Is language produced by the mind? Romantic theory has it otherwise: words emerge from the cosmos, expressing its soul

by Mark Vernon + BIO

The Harbinger of Autumn (1922) by Paul Klee, watercolour and graphite. Photo courtesy Yale University Art Gallery

In conversation at the Hay Festival in Wales this May, the English poet Simon Armitage made an arresting observation. Discussing the nature of language and why it is so good at capturing the experience of being alive, he said: ‘My feeling is that a lot of the language that we use, and the best language for poetry, comes directly out of the land.’ Armitage was placing himself within the Romantic tradition’s understanding of the origins of language, which argues that words and grammar are not the arbitrary inventions of human brains and minds, but are rather suggested to human beings by nature and the cosmos itself. Language is an excellent way to understand the Universe, because language springs from the things it describes.

The English philosopher Owen Barfield, a member of the Oxford Inklings in the 1930s and ’40s, whose work as a philologist convinced him that the Romantic tradition was broadly right, put it succinctly. Words have soul, he said. They possess a vitality that mirrors the inner life of the world, and this connection is the source of their power. All forms of language implicitly deploy it. Poets are arguably more alert to it because they consciously seek it out.

It’s an insight with radical implications for theories about the origins of language, primarily because the dominant hypotheses in modern science regard words very differently, as soulless signs that act as labels for objects and symbols that facilitate cognitive agility. The English evolutionary psychologist Robin Dunbar summarises the main two approaches: ‘Historically, the consensus has been that language evolved to allow humans to exchange factual information about the physical world, but an alternative view is that language evolved, in modern humans at least, to facilitate social bonding.’ In short, language as we know it emerged because of what it could do for Homo sapiens, because of its utility. It increased our ancestors’ chances of survival by enabling them to hunt more successfully or to cooperate more extensively. Language meant that things could be explained and that plans and past experiences could be shared efficiently.
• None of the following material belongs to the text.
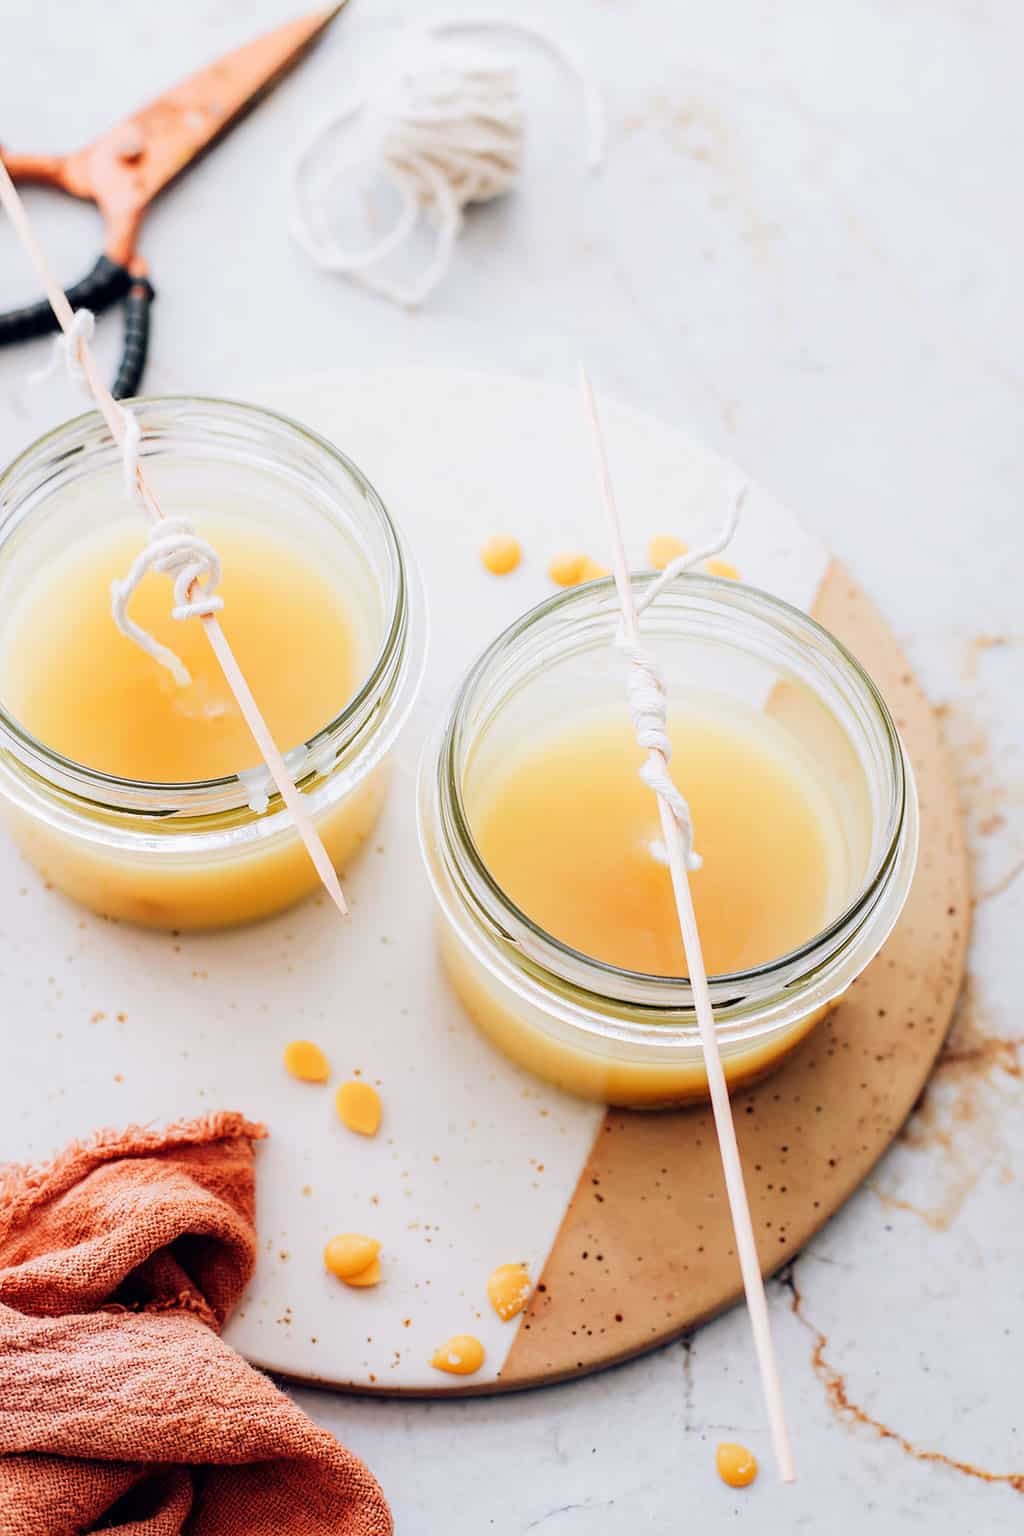 Easy DIY Beeswax Candles in the oven

These benefits, however, have nothing to do with the soulfulness of words, and when words attribute personality or agency to phenomena, say by describing the wind as ‘listless’ or mountains as ‘wise’, they are not reflecting the inner life of the world but fabricating it. Such metaphors add colour to life but are essentially fanciful and inventive and, further, often lead to erroneous inferences about reality – say, that the wind is a spirit or the mountain a god. The Israeli historian Yuval Noah Harari is a prominent advocate of this view: ‘the truly unique feature of our language is … the ability to transmit information about things that do not exist at all,’ he writes in his bestseller Sapiens: A Brief History of Humankind (2011). ‘This ability to speak about fictions is the most unique feature of sapiens language.’ On this view, language doesn’t come out of the land. It comes out of (often misguided) human brains.
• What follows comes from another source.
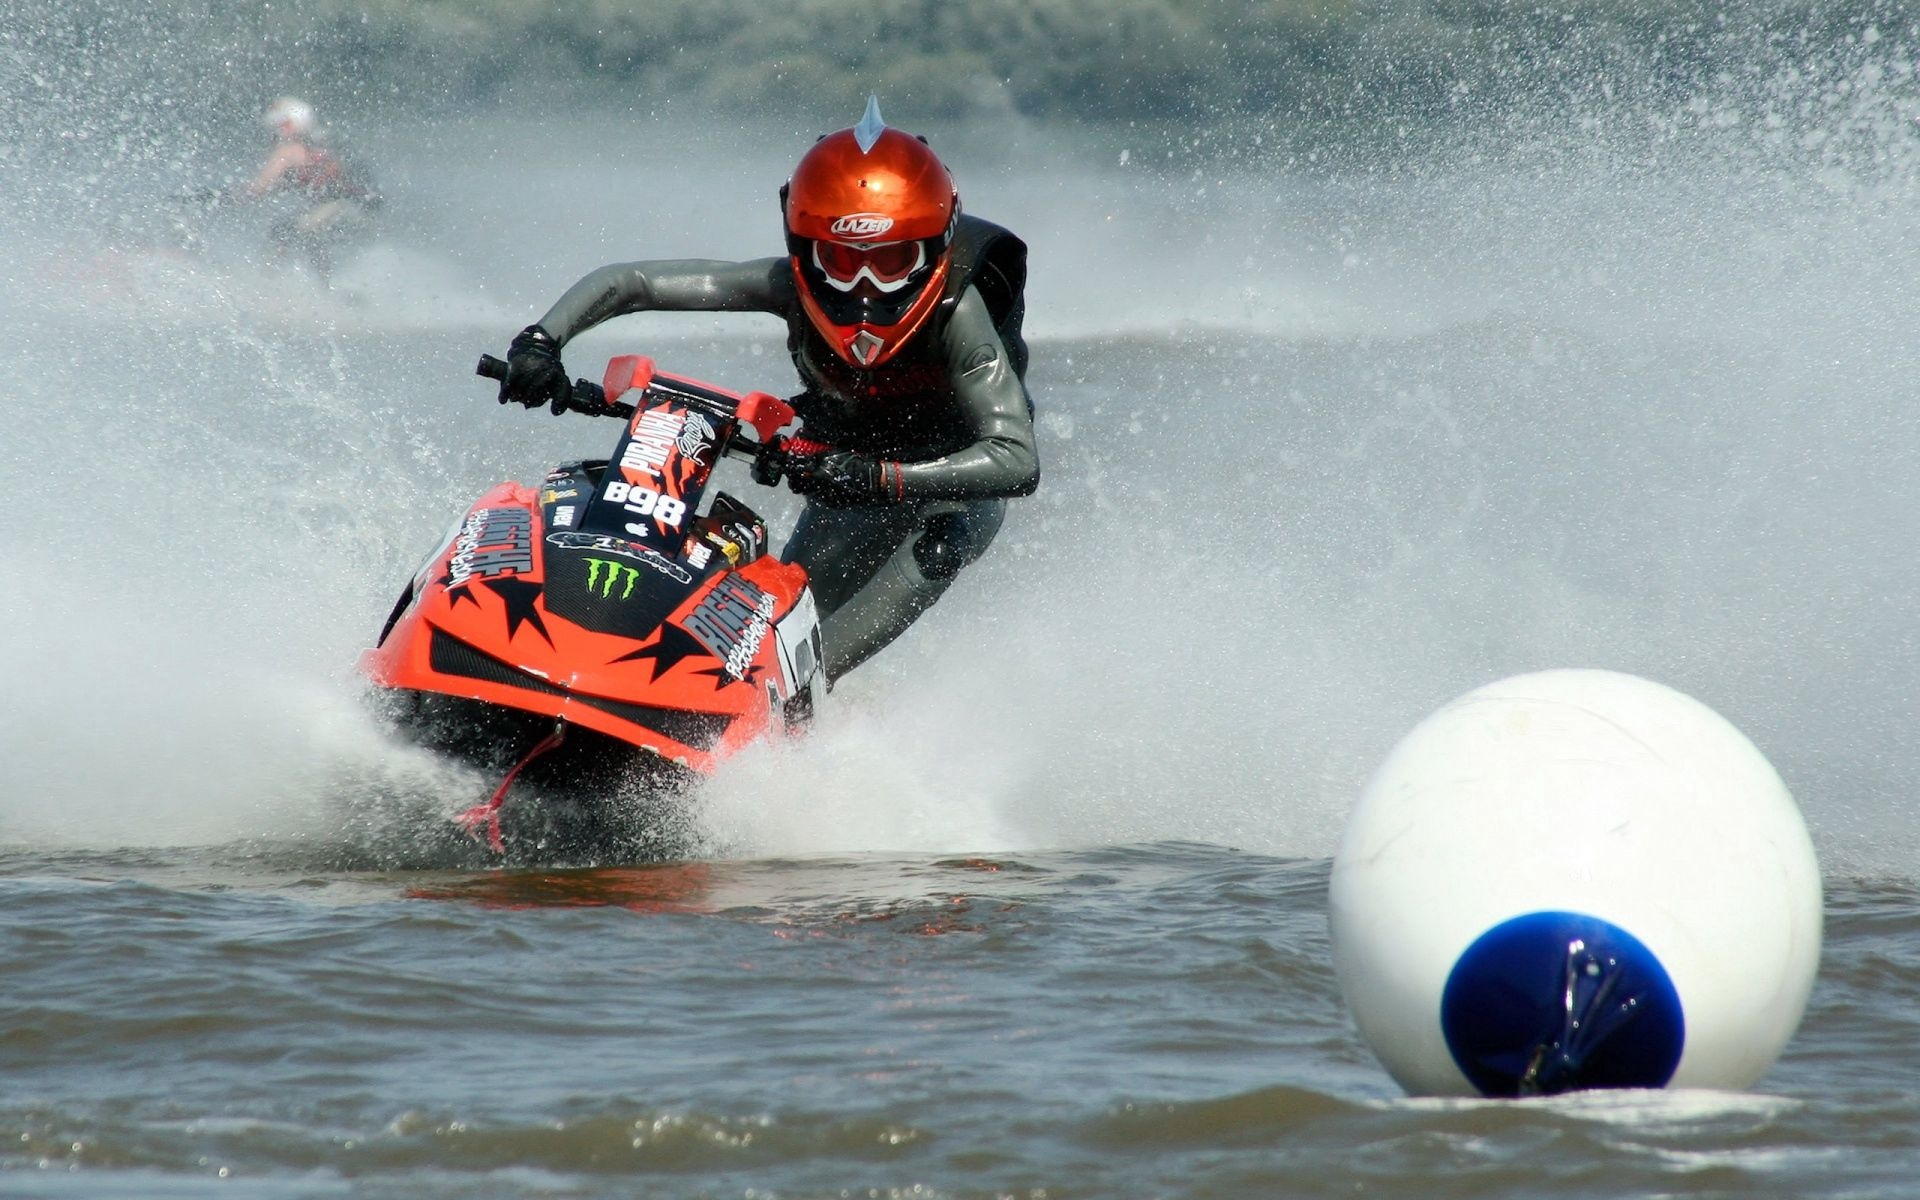 Jet ski download, Get ready to ride, High-speed action, Aquatic freedom, 1920x1200 HD Desktop

Dunbar and Harari advocate what might be called the ‘grunt theory’ of the origin of language. The working hypothesis goes something like this: early human beings, or perhaps our evolutionary cousins, began pointing at bananas or lions, and grunting. These grunts became signs, in a process akin to the signs for ‘shoe’ or ‘eat’ that some lab chimps can be gradually trained to recognise over the course of many years. Then, the hypothesis continues, there was a cognitive revolution or ‘great leap forward’, as the American anthropologist Jared Diamond calls it in Guns, Germs, and Steel (1997). Suddenly, the brain rewired. It allowed for a shift from the deployment of a few signs to the heady artfulness of speech and grammar. It facilitated language proper, which could now emerge along with its many solution-solving, survival-aiding, practical advantages. It was like giving the mind a Swiss Army knife, says another champion of these evolutionary explanations, the Canadian-American cognitive scientist Steven Pinker in The Language Instinct (1994).

After grammar came metaphor, in a period sometimes called the ‘metaphor phase’. Now the developing human brain began to make fanciful leaps from the words it had invented for physical objects. It began using them to name the less tangible feelings of its mind and, in so doing, to manufacture immaterial, spiritual realities. It’s as if a whole bunch of prehistoric poets got to work, generating ingenious memes that spread across the world.

The fancifulness of this phase is a key part of the grunt theory, which generally assumes that early humans were wildly superstitious and so made all sorts of mistakes about the nature of reality. They thought that winds were spirits, or mountains gods, and they are assumed to have been bonded together through these daydreams and delusions, which, often enough, helped them to survive. (Better to flee believing that the leaves in the grove are shuddering because of the presence of a demon than not flee and so be at risk when they’ve been moved by a predator.) This kind of assumption explains how, say, pneuma in Ancient Greek can mean ‘spirit’ but also ‘wind’, and sometimes ‘breath’ – a sharing of meaning that is found widely across ancient languages.

Finally – the theory continues – came literature, when words were redeployed solely to express the interior worlds of human beings. This is the most dramatic instance we know of that exceptional phenomenon, consciousness, which somehow emerged out of an otherwise nonconscious cosmos.

It should be said that many of the details of the pathway tracked by this kind of evolution of language are contested, with some who work in the area quietly admitting that, in truth, the origins of language remain as mysterious as the origins of life. But still, there’s a widespread assumption that words and language emerged along an evolutionary route at least a bit like this one. The grunt hypothesis, or something like it, rules.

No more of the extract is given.